# [INPUT DATA]
○ ○ ○ ○
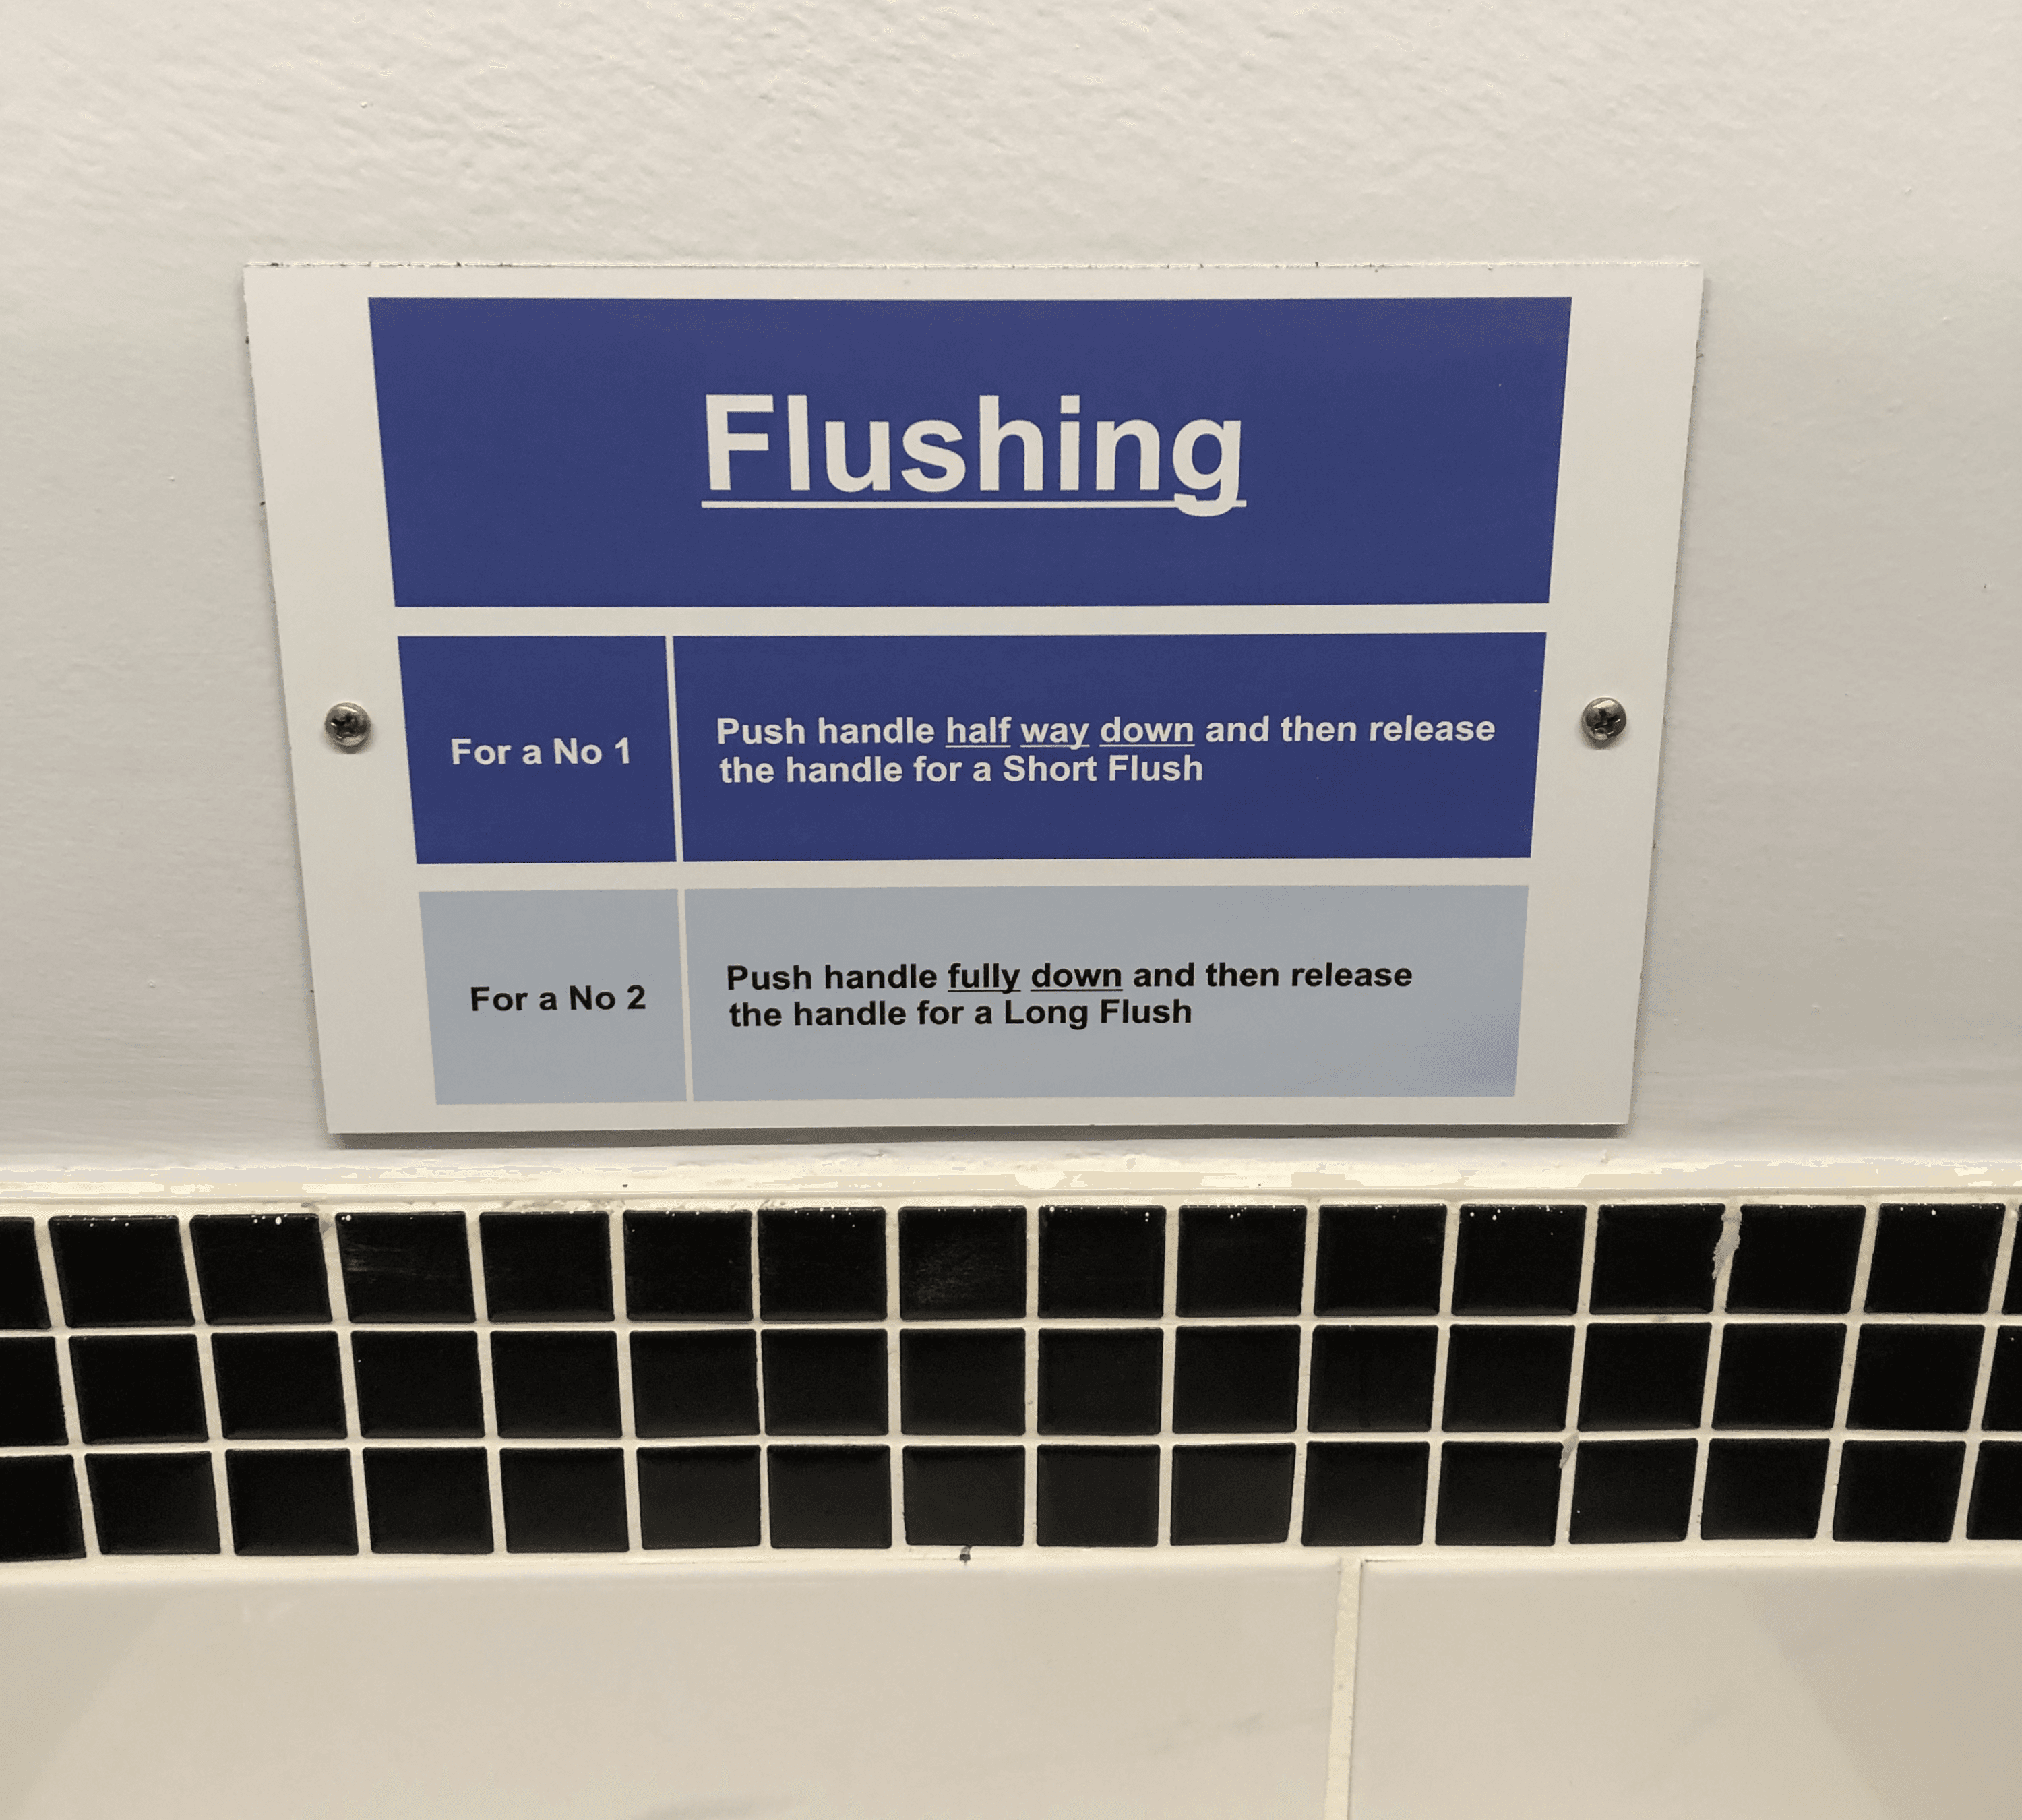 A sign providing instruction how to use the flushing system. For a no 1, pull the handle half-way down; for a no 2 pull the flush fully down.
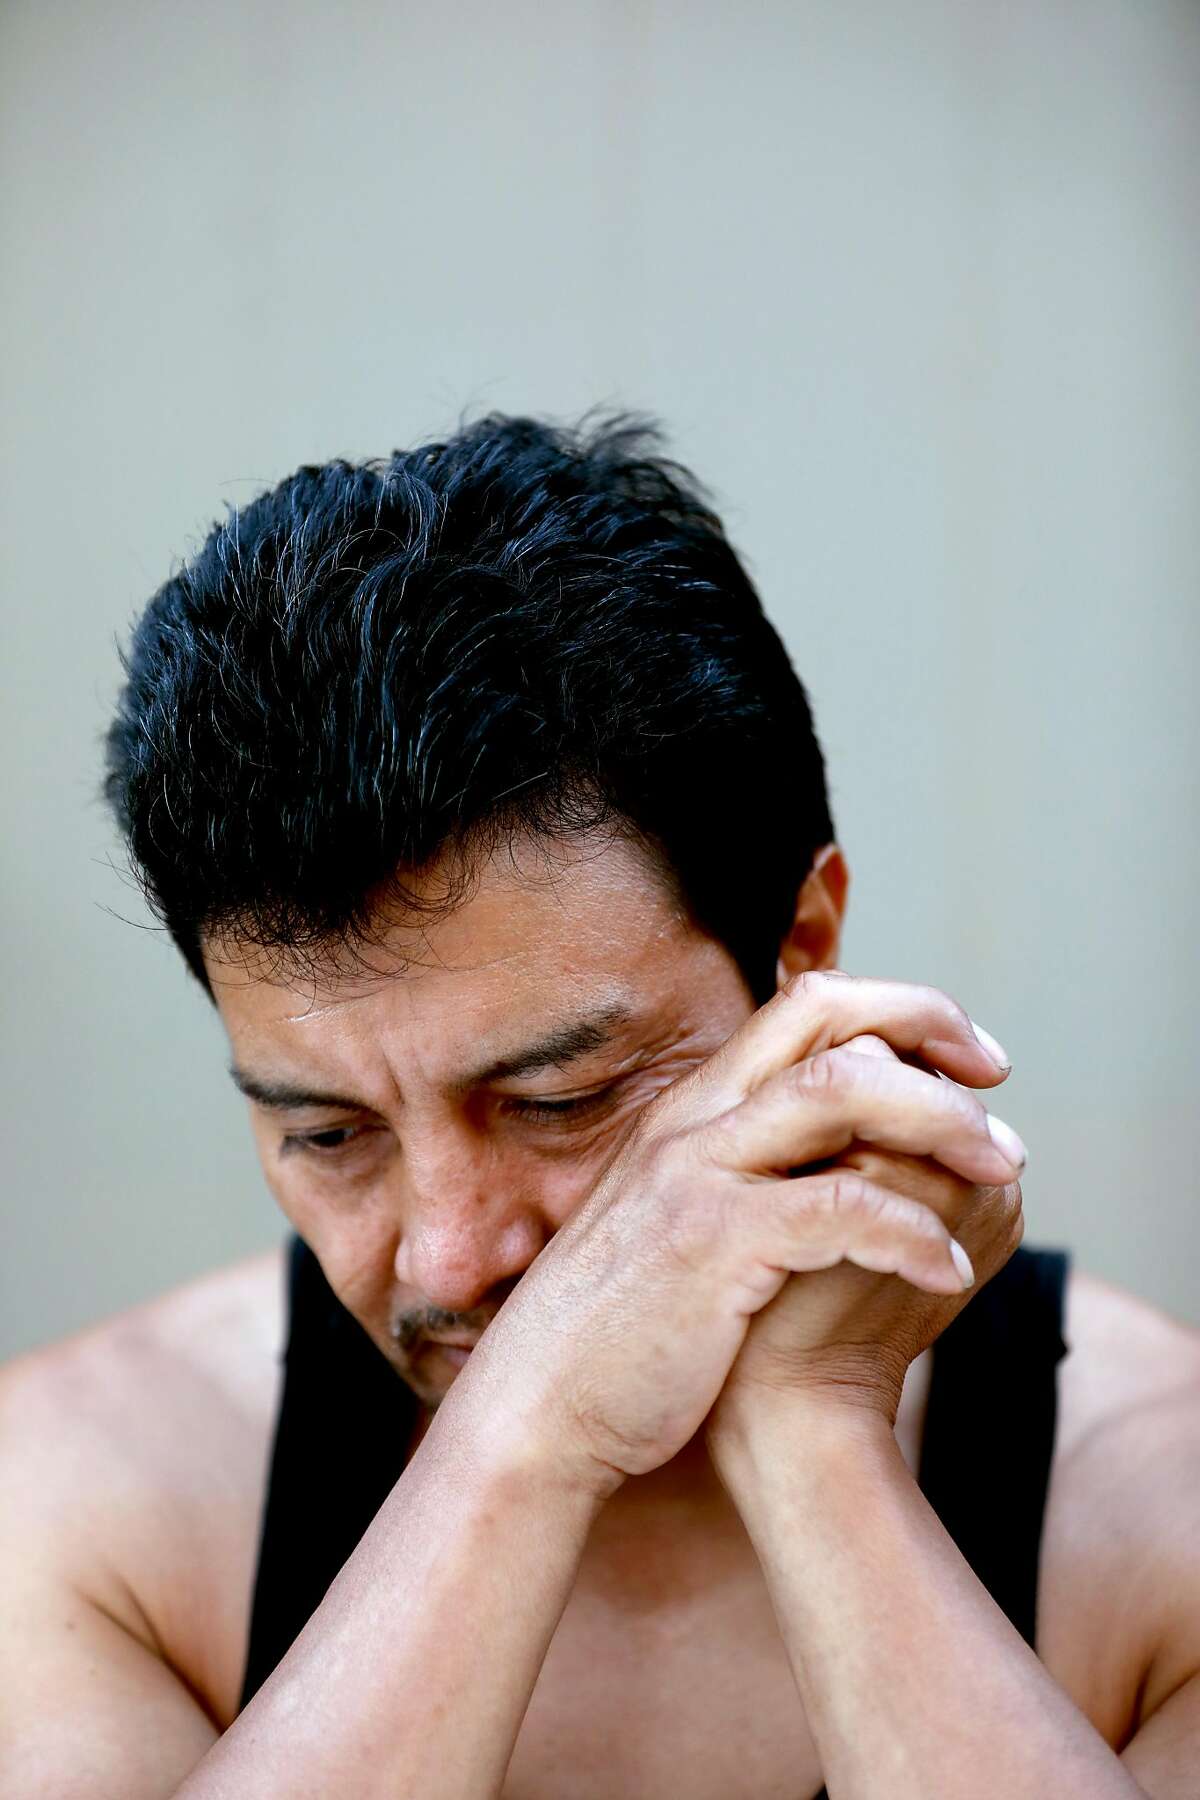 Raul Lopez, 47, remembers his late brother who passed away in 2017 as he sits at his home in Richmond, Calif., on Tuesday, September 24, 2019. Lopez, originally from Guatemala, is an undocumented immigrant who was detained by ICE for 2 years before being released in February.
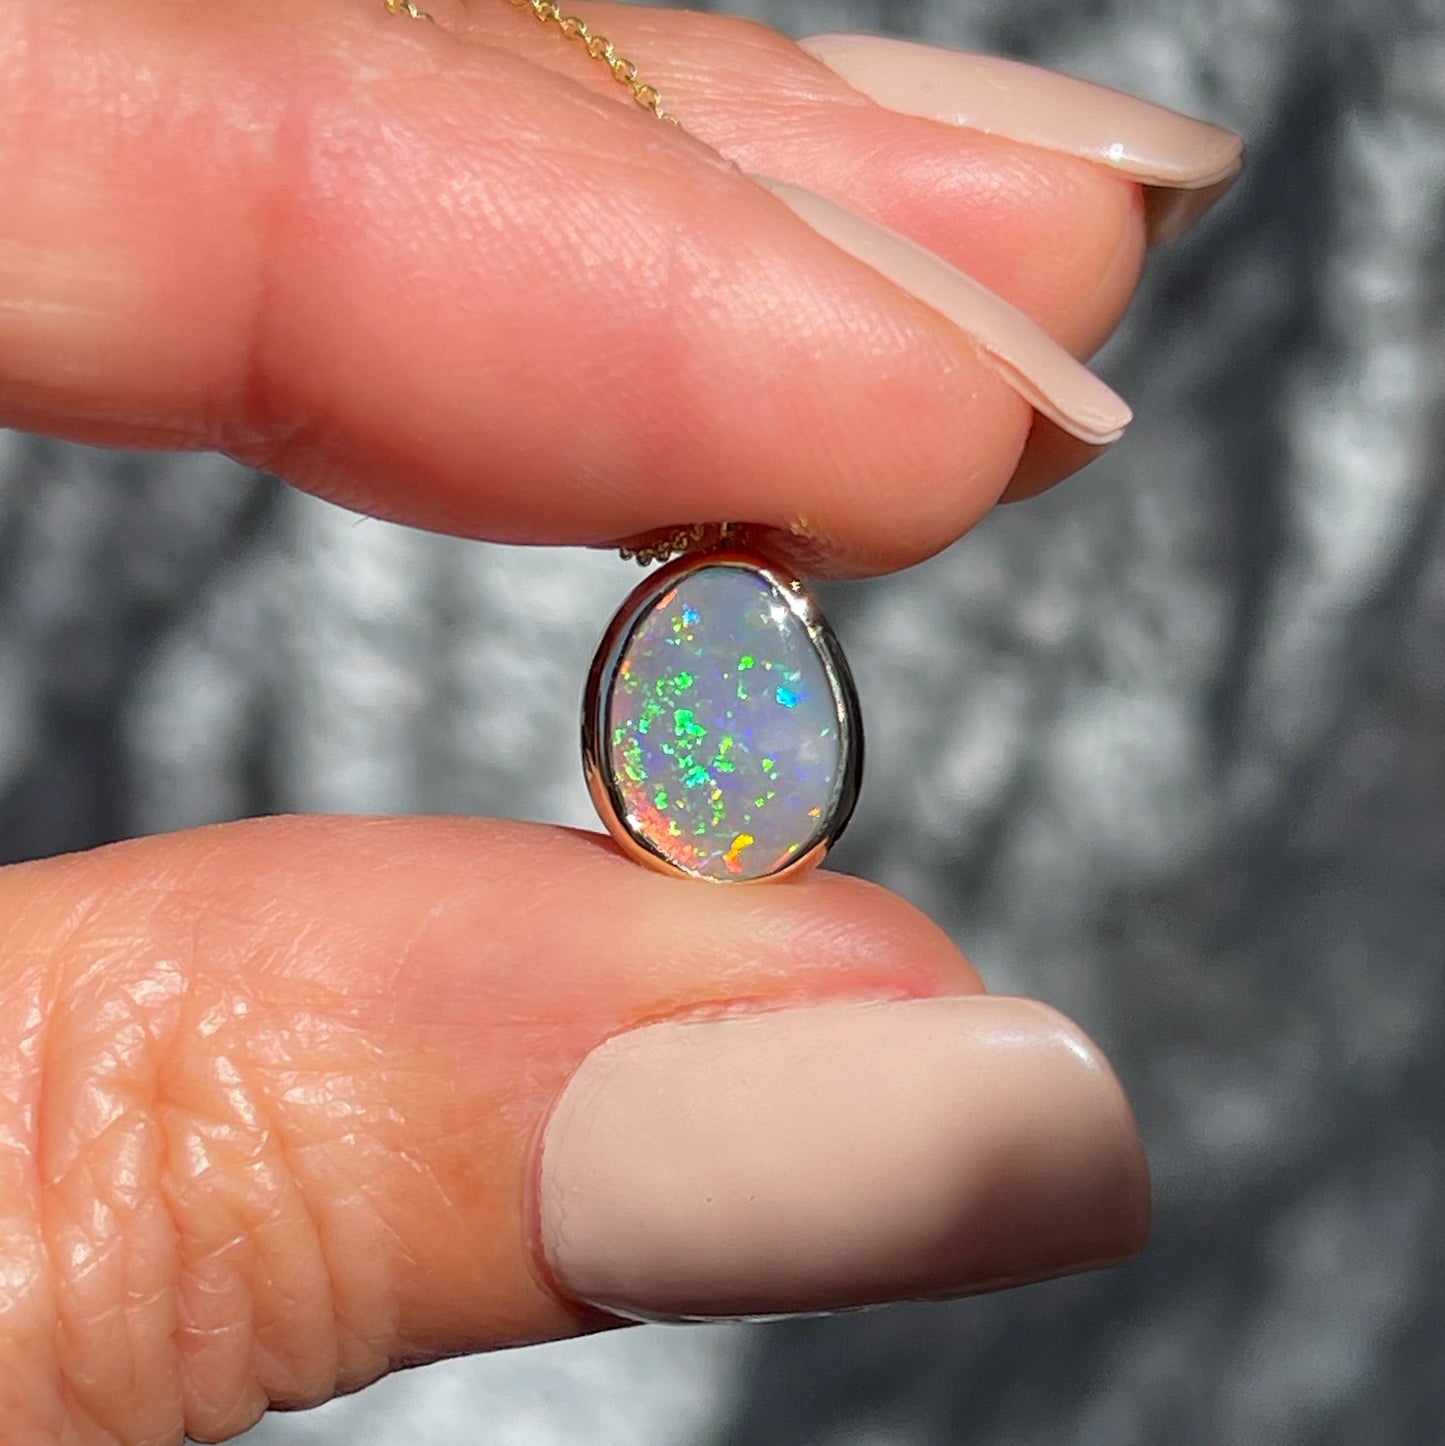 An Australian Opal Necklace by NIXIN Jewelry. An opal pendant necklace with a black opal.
○ ○ ○ ○
# [EXERCISE PROMPT]
Could each line of the data be written out exactly, with no pictures included?

# [FINISHED TASK]
 A sign providing instruction how to use the flushing system. For a no 1, pull the handle half-way down; for a no 2 pull the flush fully down.
 Raul Lopez, 47, remembers his late brother who passed away in 2017 as he sits at his home in Richmond, Calif., on Tuesday, September 24, 2019. Lopez, originally from Guatemala, is an undocumented immigrant who was detained by ICE for 2 years before being released in February.
 An Australian Opal Necklace by NIXIN Jewelry. An opal pendant necklace with a black opal.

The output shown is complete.